5/4-5の2日間で五島列島北部にある野崎島をお訪ねしました。以前はスタッフとして、この島でガイドやツーリズムの仕事をさせていただいた、ご縁のある、そして、今も心にいつもある場所です。その他、環境省委嘱の自然公園指導員として、この島の様々な遷移を今も注視している場所でもあります。
ほぼ無人状態の島は「パッと見」自然豊かに見えますが、表土流出や森林更新の途絶、植物の多様性喪失などなど、(通常、ヒトの時間スケールでは、自然の変化は捉えにくいことが多いのですが)ごく短期間での変化が加速しているのが目に見えて解る、深刻な状況となっています。
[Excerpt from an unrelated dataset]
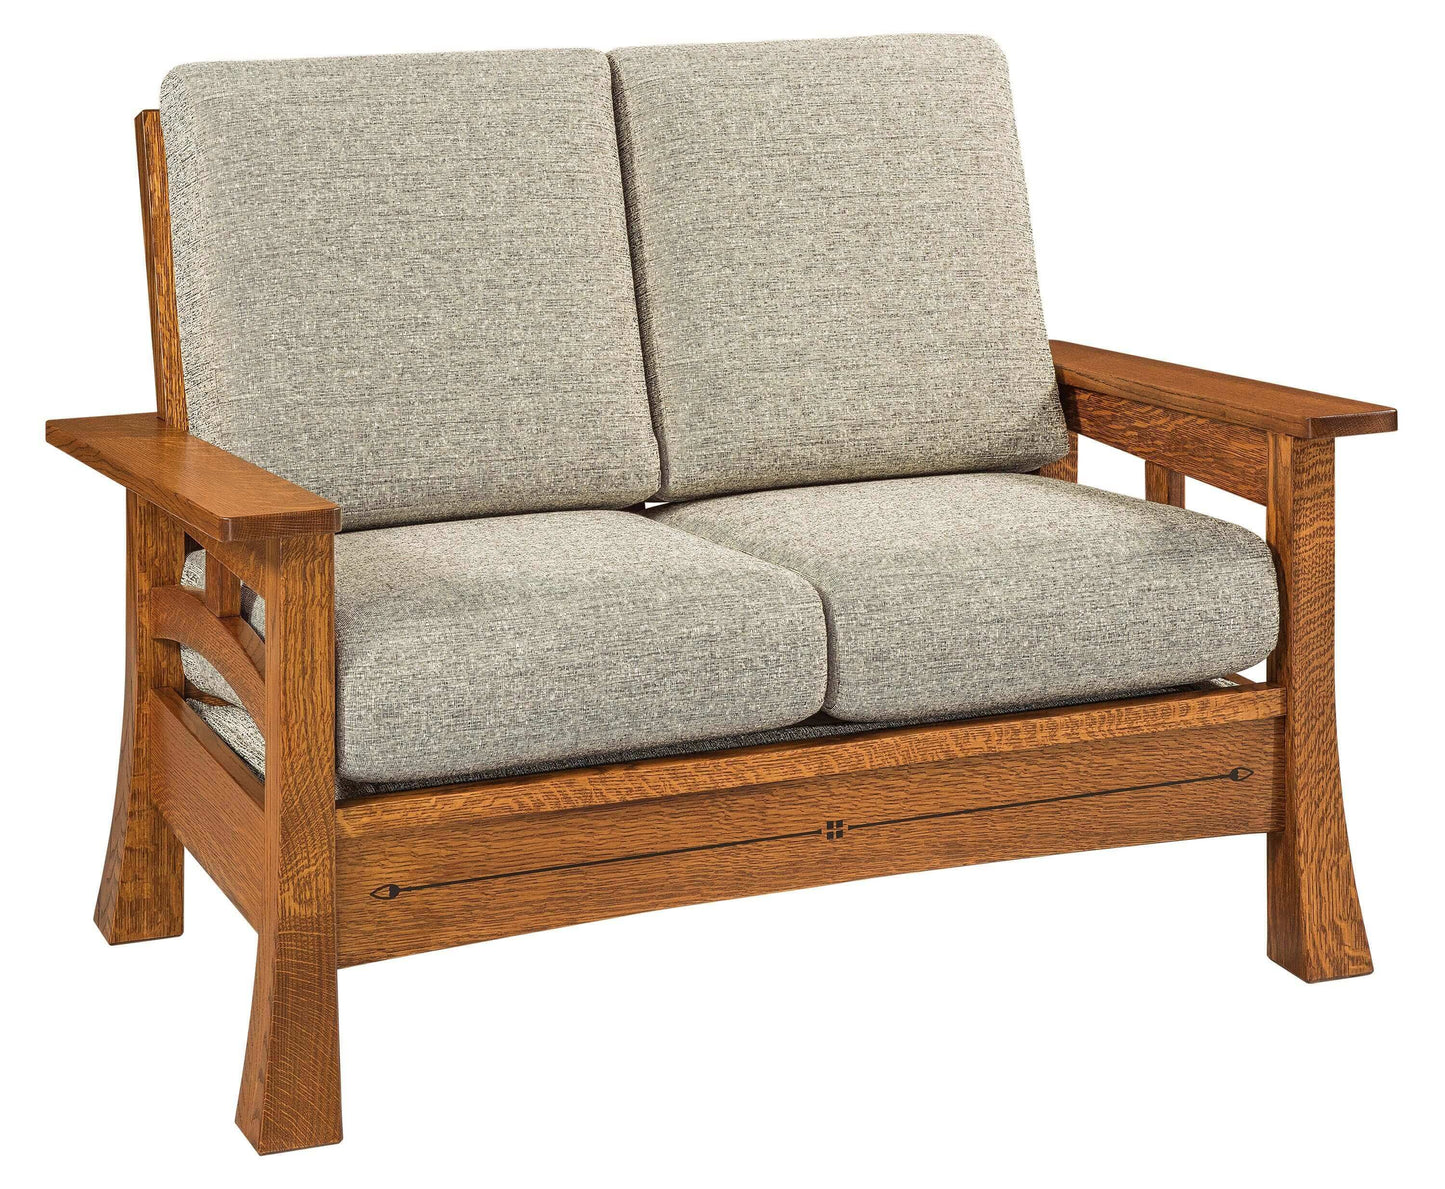 Amish USA Made Handcrafted Brady Loveseat sold by Online Amish Furniture LLC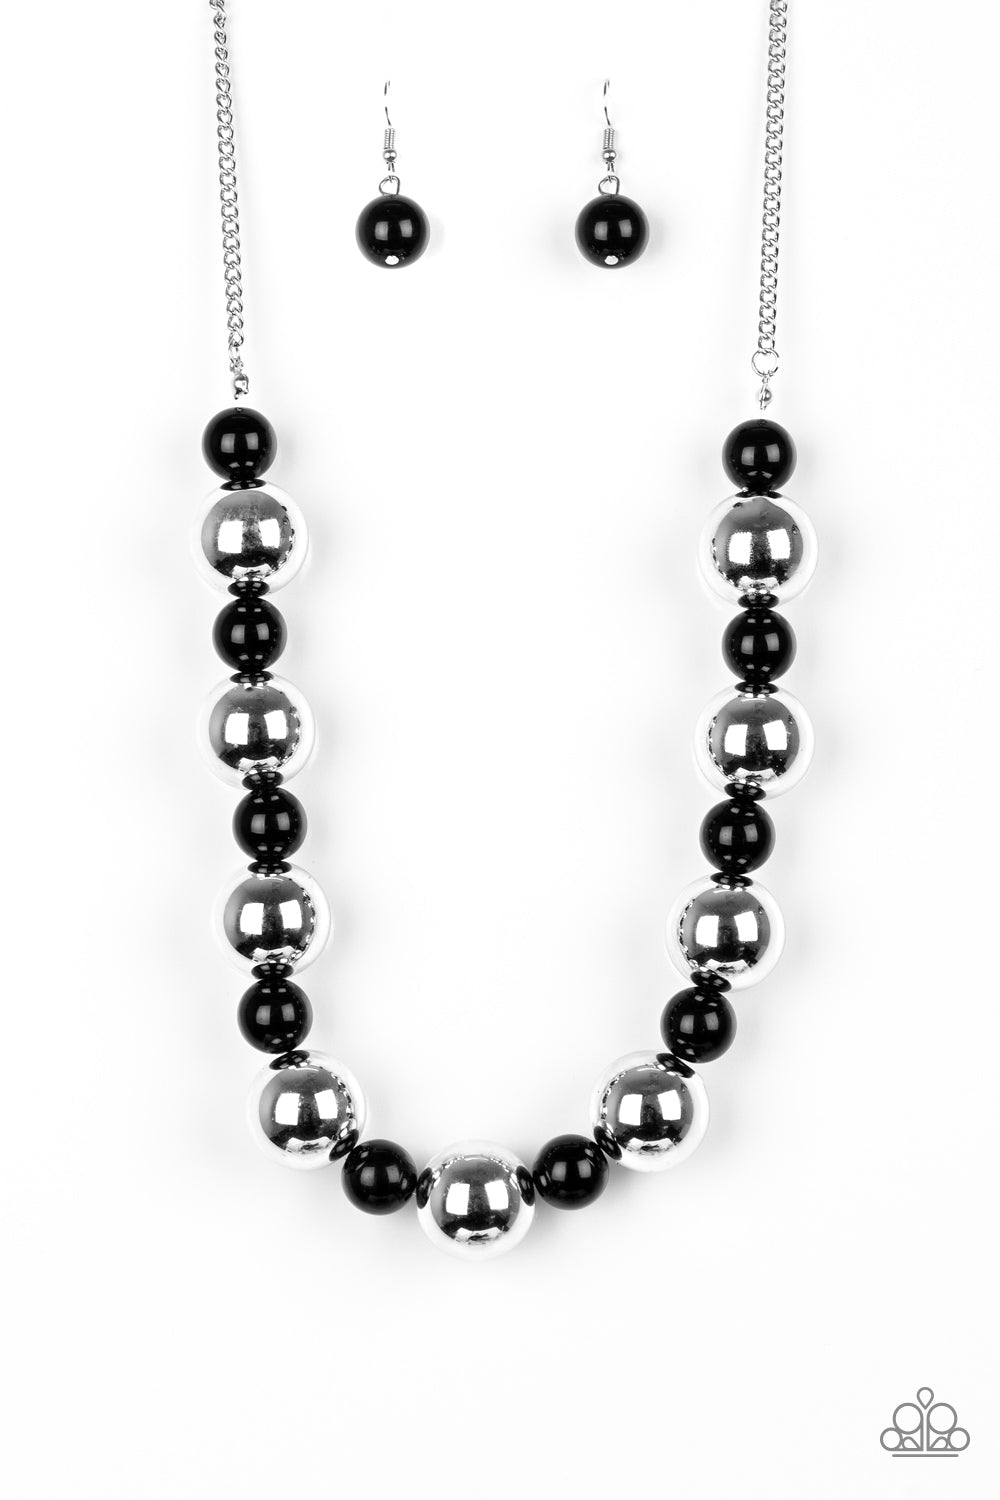 Polished black beads and dramatic silver beads drape below the collar for a perfect pop of color. Features an adjustable clasp closure.

…その要因や考察は、またの機会に。
今回は、折しも諮問機関であるイコモスがユネスコの世界遺産委員会に「文化遺産への登録」を勧告したニュースが全国を駆け巡った日に島へ上陸することとなりました。
ここ数年、世界遺産登録を見越して、入島出入口を1箇所に限定したり、集落跡の一部を修景したり、ビジターセンターを作ったり、等々の準備に地元行政も努められてきました。
人材も予算も大変限られる難しい状況下でも精一杯の努力をされていることは間違いありません。
ですが、ローカルなツーリズムの実践者として、持続可能な責任あるツーリズムを志す一人として、(加えて、自然公園指導員として、)あえて一言申し上げたいことが…。 集落跡は、この地の自然と暮らしを営んできた人々の関係性や刻まれた時間が顕在化している場所、です。その意味でビジターの目の前に広がるのは、まぎれもなく「文化的な景観」なのです。
その景観にこれら(画像1&2)は果たして馴染んでいるでしょうか?この空間に溶け込んで景観に調和しているでしょうか?文化的景観から「浮いて」しまってはいないでしょうか?
一方で、今後しばらくの間は増加が見込まれる「初めてこの島を訪れた」ビジターに対しては「わかりやすさ」が求められるのは間違いありません。
この島に限らず全国各地共通の課題です。
看板、のぼり、垂れ幕etc. それらの大きさ、色あい、形etc.
その景観や文物、自然が持つ価値を損ねてしまっては本末転倒です。
「わかりやすさ」と「景観との調和」
地元行政のみならず、様々な事業者や地域で暮らす方々も含めて、 「自らの地域や場所を大切に護り、利活用し、将来世代へその価値を継承していく」とはどういうことなのか。自らの地域では、そのために何をどのように行っていけば良いのか。 (その結果の選択肢は様々あって良いと思います。どれが正解でどれが間違い、は有りません。 自ら考え、自らの最適解を実践してみること。それが大切かと思うのです。)
あらためてそう感じた今回の野崎島再訪でした。